Предлагаемый вариант исследования регионального языкового сознания сориентирован на реконструкцию доступных для наблюдения лингвиста фрагментов сознания горожан, принадлежащих к послеперестроечному поколению — школьного и студенческого возраста, с помощью применения психолингвистических категорий и методов экспериментального описания.
Сознание интерпретируется с опорой на взгляды А. Н. Леонтьева, Ф. Е. Василюка, А. А. Залевской. Это означает признание того, что сознание человека детерминируется «внешним миром, внутренним миром (мотивами человека, его потребностями, ценностями и т. д.), культурой, в которой он живет и, наконец, языком ...»; «в конкретном живом образе сознания каждая из этих инстанций имеет своего представителя, которые образуют как бы нервные центры, узлы образа. Внешний мир представлен предметным содержанием, мир культуры — значением, представителем языка является слово, а внутреннего мира — личностный смысл. Каждый из узлов образа — пограничная сущность, одной стороной обращенная к объективно существующей реальности (внешнего мира, внутреннего мира, языка и культуры),
а другой — к непосредственной субъективности; все же вместе эти узлы задают объем, в котором пульсирует и переливается живой образ» [Василюк 1993: 9].

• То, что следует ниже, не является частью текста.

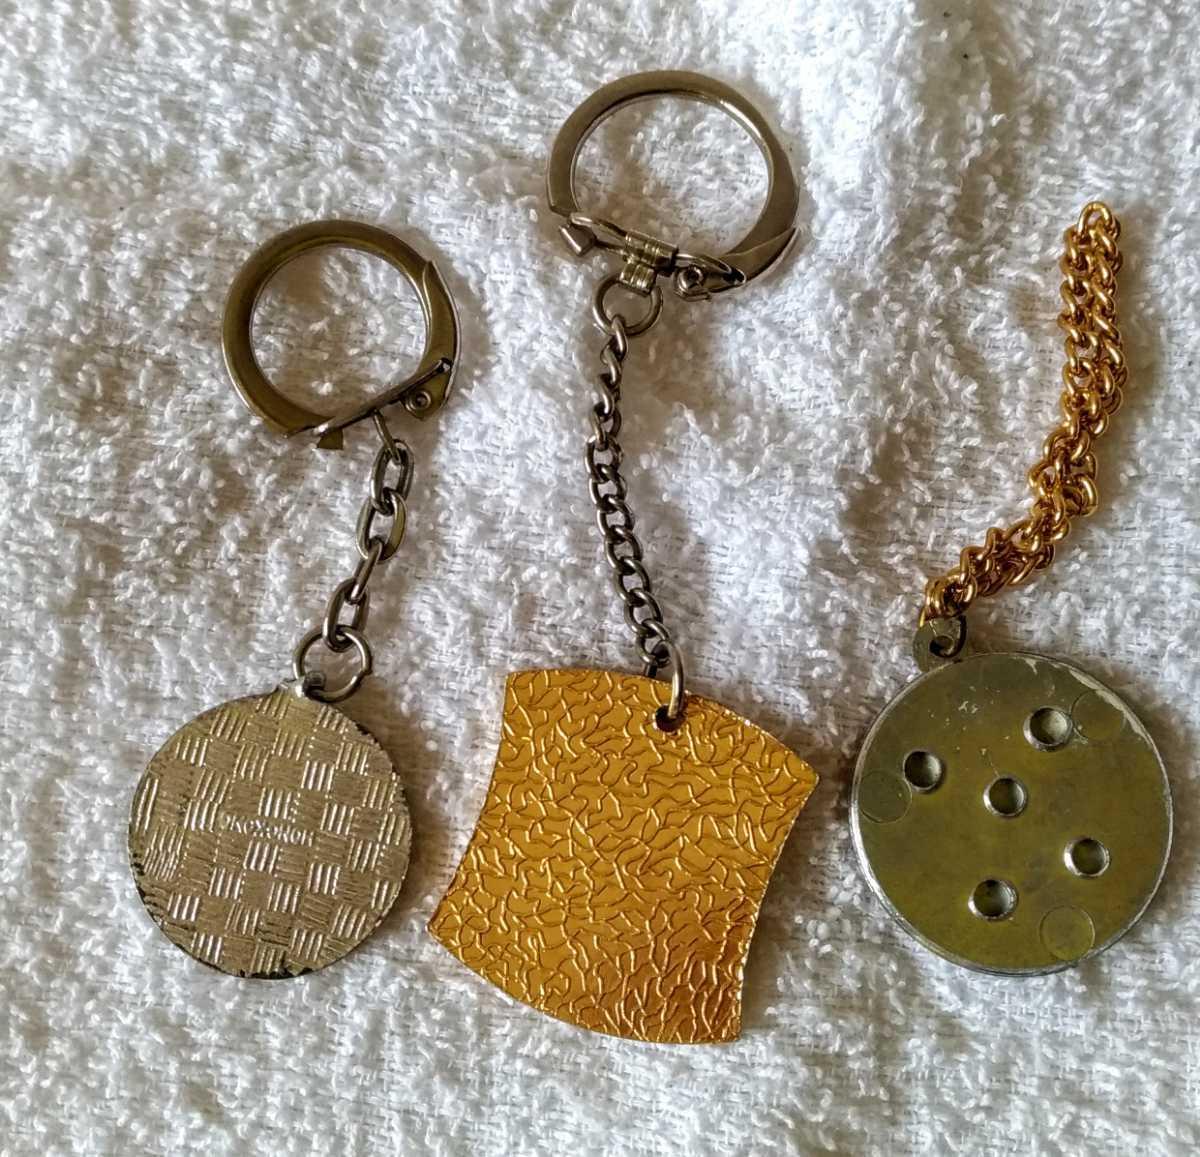 キーホルダー付き(一部除く)プラスチック製小物昭和に集めた3個自宅保管中古品

Привлечение регионального материала дает возможность конкретного моделирования и решения частных психолингвистических задач, которые не ставятся в масштабных проектах, рассчитанных на среднего носителя языка. Хотелось также уйти от исследований ядра языкового сознания, поскольку определенная ассоциативная практика в этом направлении на данном региональном материале была осуществлена Е. Н. Гуц [Гуц 2005]. Выбор информантов (преимущественно представителей молодого населения города) обусловлен стремлением, с одной стороны, получить сопоставимый материал (по сравнению с РАС), с другой — выявить динамическую систему этических, эстетических, эмотивно-оценочных образов сознания с акцентированием возрастной, гендерной, социальной дифференциации информантов.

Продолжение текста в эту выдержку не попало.